-- EXTRACTED DATA follows --
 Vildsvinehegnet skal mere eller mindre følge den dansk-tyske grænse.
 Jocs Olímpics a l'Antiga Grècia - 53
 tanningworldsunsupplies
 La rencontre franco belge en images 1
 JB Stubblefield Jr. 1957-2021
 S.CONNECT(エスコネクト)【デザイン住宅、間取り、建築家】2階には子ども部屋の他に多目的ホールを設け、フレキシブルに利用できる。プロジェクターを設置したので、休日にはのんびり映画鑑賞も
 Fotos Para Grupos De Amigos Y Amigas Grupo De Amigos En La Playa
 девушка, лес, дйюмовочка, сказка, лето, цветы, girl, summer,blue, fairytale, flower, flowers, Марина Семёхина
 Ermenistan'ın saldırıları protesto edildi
-- EXTRACTED DATA concluded --
▸ PROBLEM DETAILS
What you output must be the lines from the opening of the material above up to and including the line with "Fotos Para Grupos", reproduced exactly.

▸ WRITTEN RESPONSE
 Vildsvinehegnet skal mere eller mindre følge den dansk-tyske grænse.
 Jocs Olímpics a l'Antiga Grècia - 53
 tanningworldsunsupplies
 La rencontre franco belge en images 1
 JB Stubblefield Jr. 1957-2021
 S.CONNECT(エスコネクト)【デザイン住宅、間取り、建築家】2階には子ども部屋の他に多目的ホールを設け、フレキシブルに利用できる。プロジェクターを設置したので、休日にはのんびり映画鑑賞も
 Fotos Para Grupos De Amigos Y Amigas Grupo De Amigos En La Playa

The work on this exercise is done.